→ Your instructions: A line below contains "Frihängande köksfläkten Prisma", and a later one contains "Basic Resume Template". Repeat both, with every line between them, exactly.

→ Dataset excerpts:
# # # # # # #
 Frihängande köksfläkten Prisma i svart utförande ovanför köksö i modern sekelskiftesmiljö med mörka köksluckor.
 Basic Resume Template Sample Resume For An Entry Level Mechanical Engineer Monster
# # # # # # #
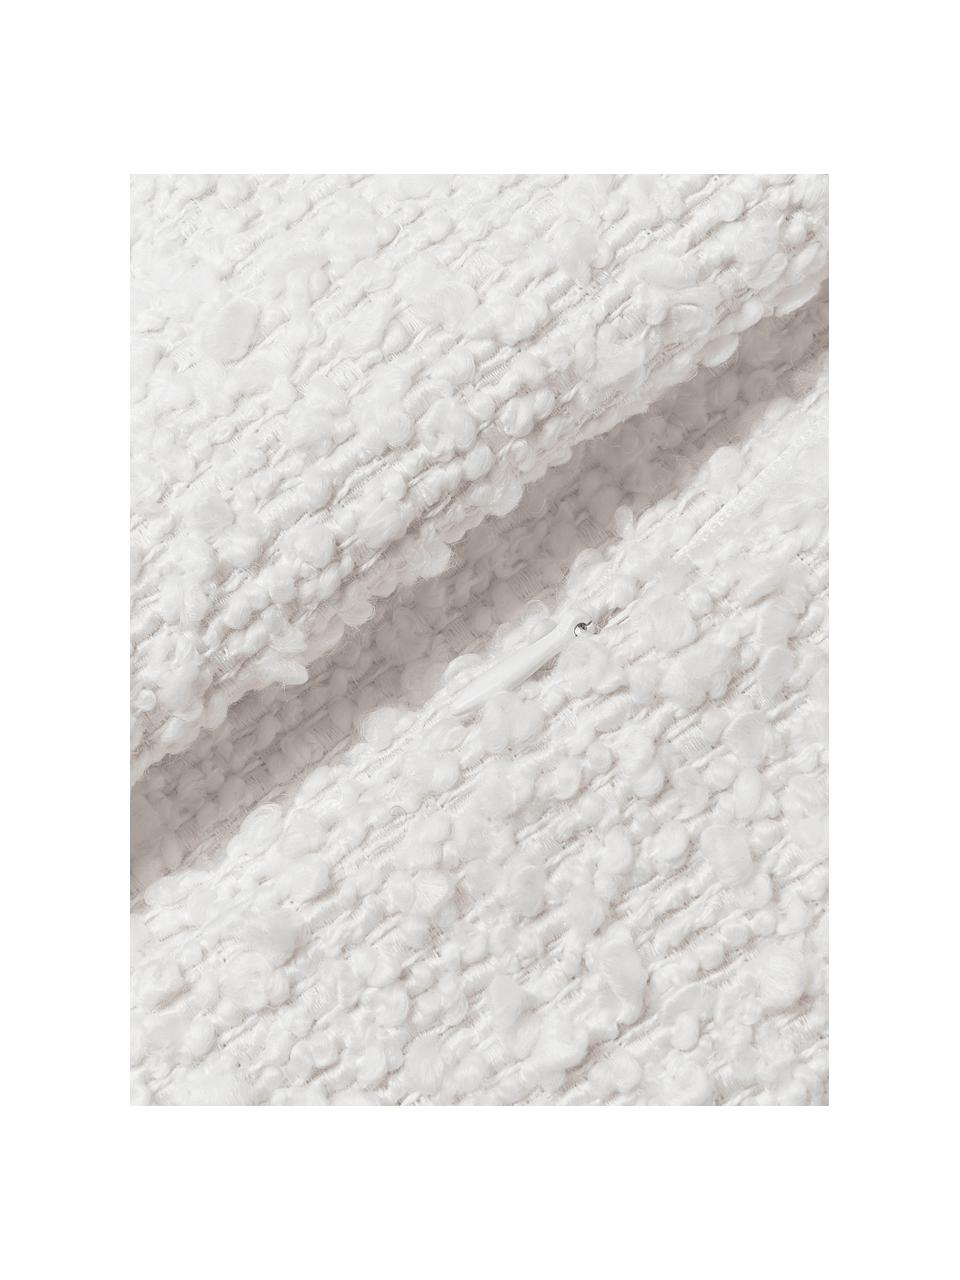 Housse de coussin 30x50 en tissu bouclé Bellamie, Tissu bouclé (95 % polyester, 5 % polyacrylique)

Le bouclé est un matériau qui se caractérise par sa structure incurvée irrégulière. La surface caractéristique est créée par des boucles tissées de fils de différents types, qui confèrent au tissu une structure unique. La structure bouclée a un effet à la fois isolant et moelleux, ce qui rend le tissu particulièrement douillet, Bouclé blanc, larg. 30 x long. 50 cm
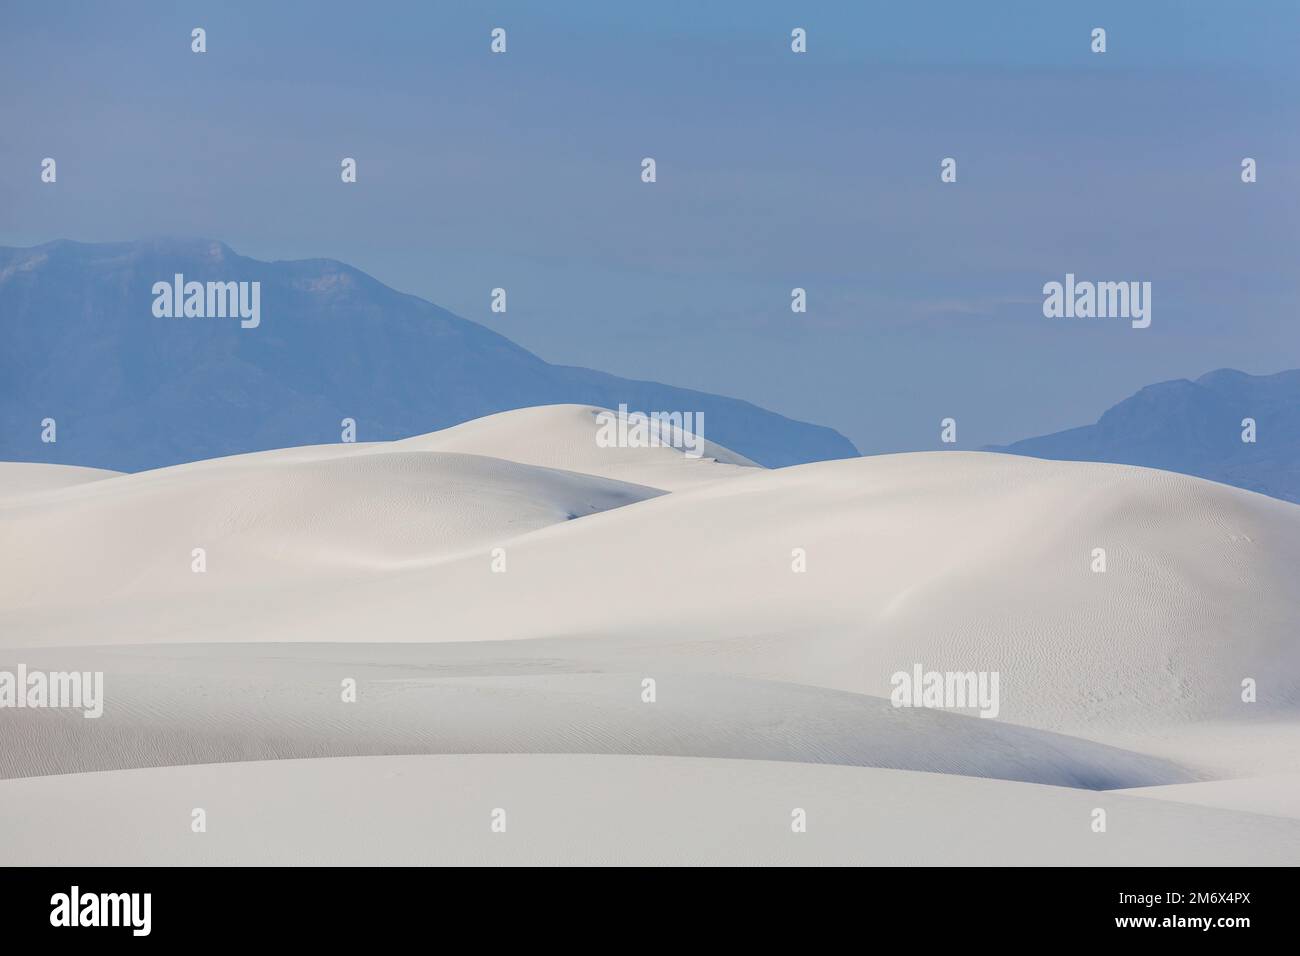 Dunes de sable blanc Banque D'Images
# # # # # # #
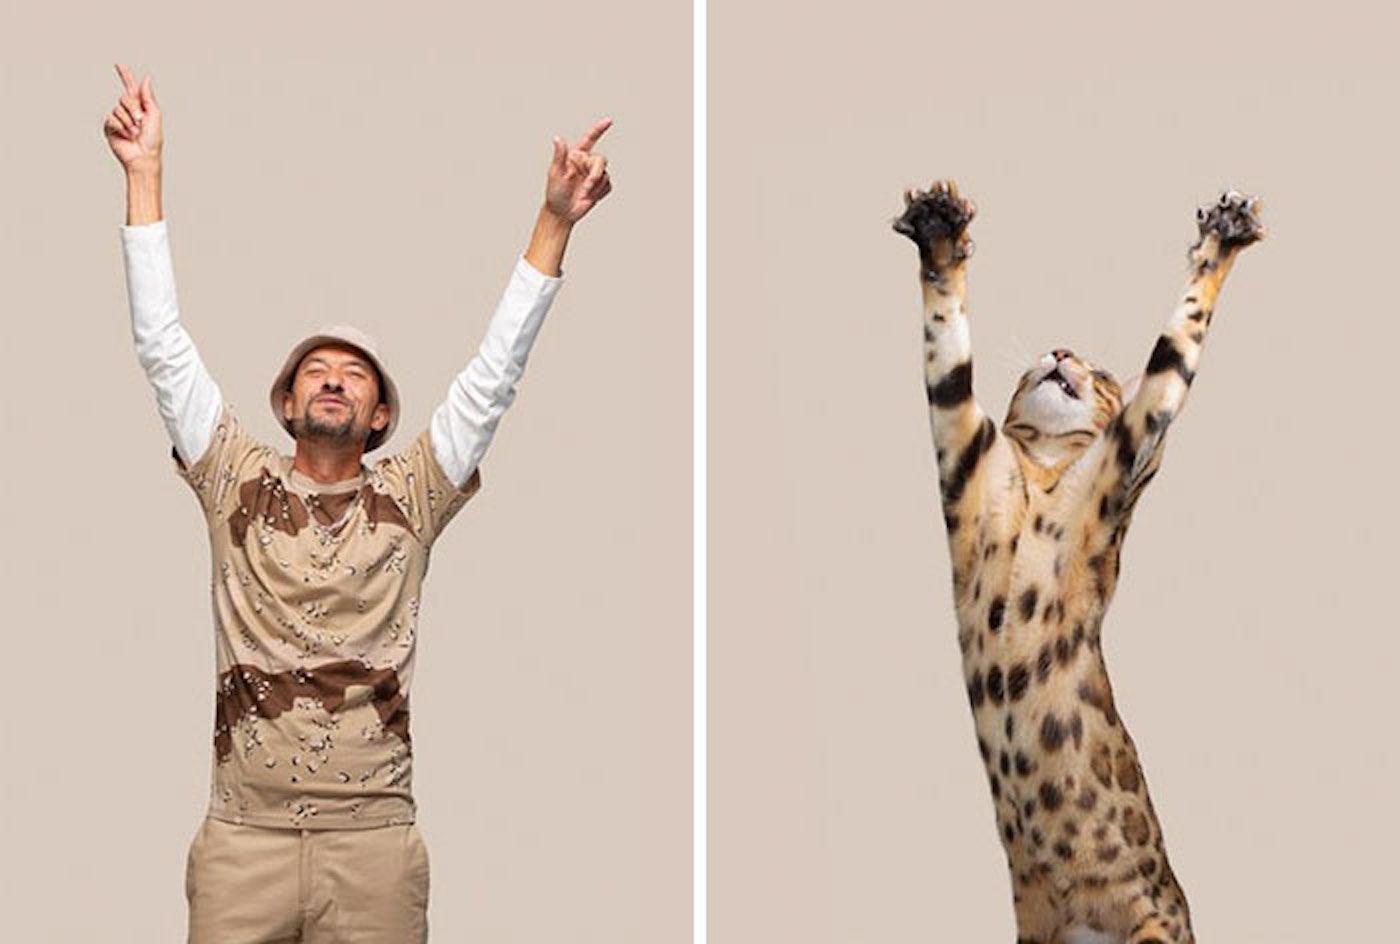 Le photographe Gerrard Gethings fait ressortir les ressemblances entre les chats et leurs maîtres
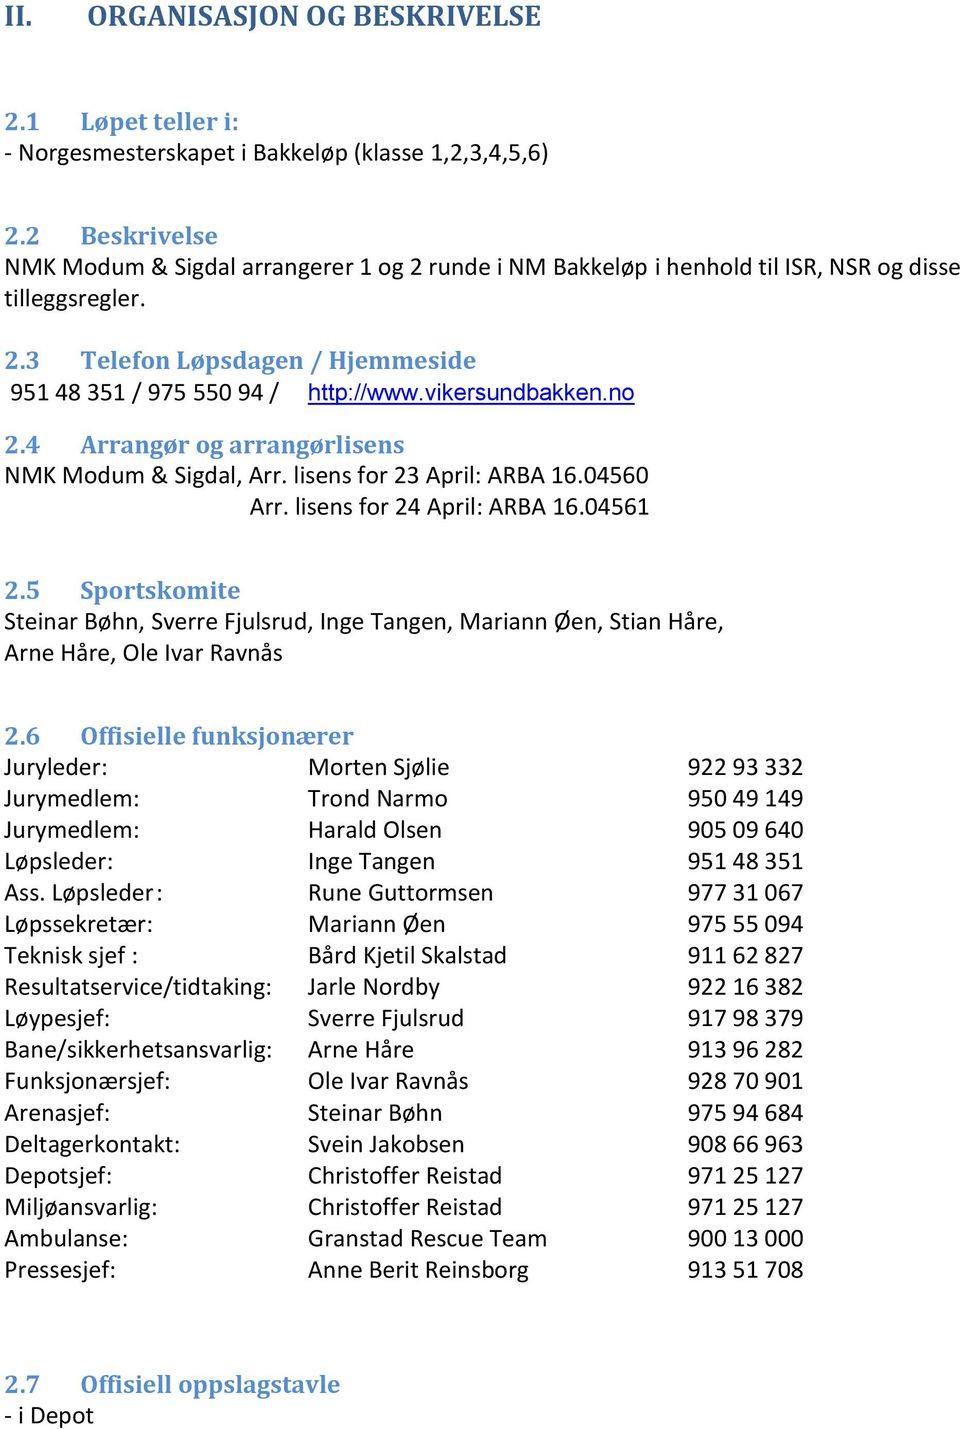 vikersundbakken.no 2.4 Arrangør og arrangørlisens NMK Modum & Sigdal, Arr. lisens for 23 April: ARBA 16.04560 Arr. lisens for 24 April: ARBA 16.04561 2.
# # # # # # #
→ Solution to the exercise:
 Frihängande köksfläkten Prisma i svart utförande ovanför köksö i modern sekelskiftesmiljö med mörka köksluckor.
 Basic Resume Template Sample Resume For An Entry Level Mechanical Engineer Monster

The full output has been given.